§ **TO DO**:
Each entry here is to be restated word for word.

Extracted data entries
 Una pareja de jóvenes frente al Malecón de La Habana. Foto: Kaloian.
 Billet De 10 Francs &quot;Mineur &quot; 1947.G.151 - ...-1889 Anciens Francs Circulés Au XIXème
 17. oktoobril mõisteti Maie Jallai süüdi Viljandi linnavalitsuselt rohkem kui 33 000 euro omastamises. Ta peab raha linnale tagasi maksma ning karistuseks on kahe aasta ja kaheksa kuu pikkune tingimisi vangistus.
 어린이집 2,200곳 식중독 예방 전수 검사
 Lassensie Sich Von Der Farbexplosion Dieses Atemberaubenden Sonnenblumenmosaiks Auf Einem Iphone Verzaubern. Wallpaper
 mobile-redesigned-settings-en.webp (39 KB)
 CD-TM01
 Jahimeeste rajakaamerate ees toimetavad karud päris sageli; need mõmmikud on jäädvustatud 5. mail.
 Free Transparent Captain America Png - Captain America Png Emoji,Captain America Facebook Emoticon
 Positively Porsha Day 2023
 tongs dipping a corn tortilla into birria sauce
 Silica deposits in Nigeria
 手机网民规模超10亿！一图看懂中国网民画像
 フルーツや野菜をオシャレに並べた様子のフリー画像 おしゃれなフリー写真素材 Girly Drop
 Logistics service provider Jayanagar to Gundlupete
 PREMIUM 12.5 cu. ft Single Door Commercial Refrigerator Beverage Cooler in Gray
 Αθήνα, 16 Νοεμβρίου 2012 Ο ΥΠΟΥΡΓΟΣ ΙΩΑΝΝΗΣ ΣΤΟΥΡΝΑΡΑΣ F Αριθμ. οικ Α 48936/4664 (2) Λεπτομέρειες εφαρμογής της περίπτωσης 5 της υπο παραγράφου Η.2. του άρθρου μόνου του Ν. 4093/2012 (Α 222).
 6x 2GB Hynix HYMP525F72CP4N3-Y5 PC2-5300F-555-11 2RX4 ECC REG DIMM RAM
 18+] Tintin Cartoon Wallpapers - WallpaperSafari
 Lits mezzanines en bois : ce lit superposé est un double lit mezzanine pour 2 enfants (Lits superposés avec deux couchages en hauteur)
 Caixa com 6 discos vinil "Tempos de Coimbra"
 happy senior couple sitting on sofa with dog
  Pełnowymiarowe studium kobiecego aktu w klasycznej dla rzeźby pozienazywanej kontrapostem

§ **RESPONSE AREA**:
 Una pareja de jóvenes frente al Malecón de La Habana. Foto: Kaloian.
 Billet De 10 Francs &quot;Mineur &quot; 1947.G.151 - ...-1889 Anciens Francs Circulés Au XIXème
 17. oktoobril mõisteti Maie Jallai süüdi Viljandi linnavalitsuselt rohkem kui 33 000 euro omastamises. Ta peab raha linnale tagasi maksma ning karistuseks on kahe aasta ja kaheksa kuu pikkune tingimisi vangistus.
 어린이집 2,200곳 식중독 예방 전수 검사
 Lassensie Sich Von Der Farbexplosion Dieses Atemberaubenden Sonnenblumenmosaiks Auf Einem Iphone Verzaubern. Wallpaper
 mobile-redesigned-settings-en.webp (39 KB)
 CD-TM01
 Jahimeeste rajakaamerate ees toimetavad karud päris sageli; need mõmmikud on jäädvustatud 5. mail.
 Free Transparent Captain America Png - Captain America Png Emoji,Captain America Facebook Emoticon
 Positively Porsha Day 2023
 tongs dipping a corn tortilla into birria sauce
 Silica deposits in Nigeria
 手机网民规模超10亿！一图看懂中国网民画像
 フルーツや野菜をオシャレに並べた様子のフリー画像 おしゃれなフリー写真素材 Girly Drop
 Logistics service provider Jayanagar to Gundlupete
 PREMIUM 12.5 cu. ft Single Door Commercial Refrigerator Beverage Cooler in Gray
 Αθήνα, 16 Νοεμβρίου 2012 Ο ΥΠΟΥΡΓΟΣ ΙΩΑΝΝΗΣ ΣΤΟΥΡΝΑΡΑΣ F Αριθμ. οικ Α 48936/4664 (2) Λεπτομέρειες εφαρμογής της περίπτωσης 5 της υπο παραγράφου Η.2. του άρθρου μόνου του Ν. 4093/2012 (Α 222).
 6x 2GB Hynix HYMP525F72CP4N3-Y5 PC2-5300F-555-11 2RX4 ECC REG DIMM RAM
 18+] Tintin Cartoon Wallpapers - WallpaperSafari
 Lits mezzanines en bois : ce lit superposé est un double lit mezzanine pour 2 enfants (Lits superposés avec deux couchages en hauteur)
 Caixa com 6 discos vinil "Tempos de Coimbra"
 happy senior couple sitting on sofa with dog
  Pełnowymiarowe studium kobiecego aktu w klasycznej dla rzeźby pozienazywanej kontrapostem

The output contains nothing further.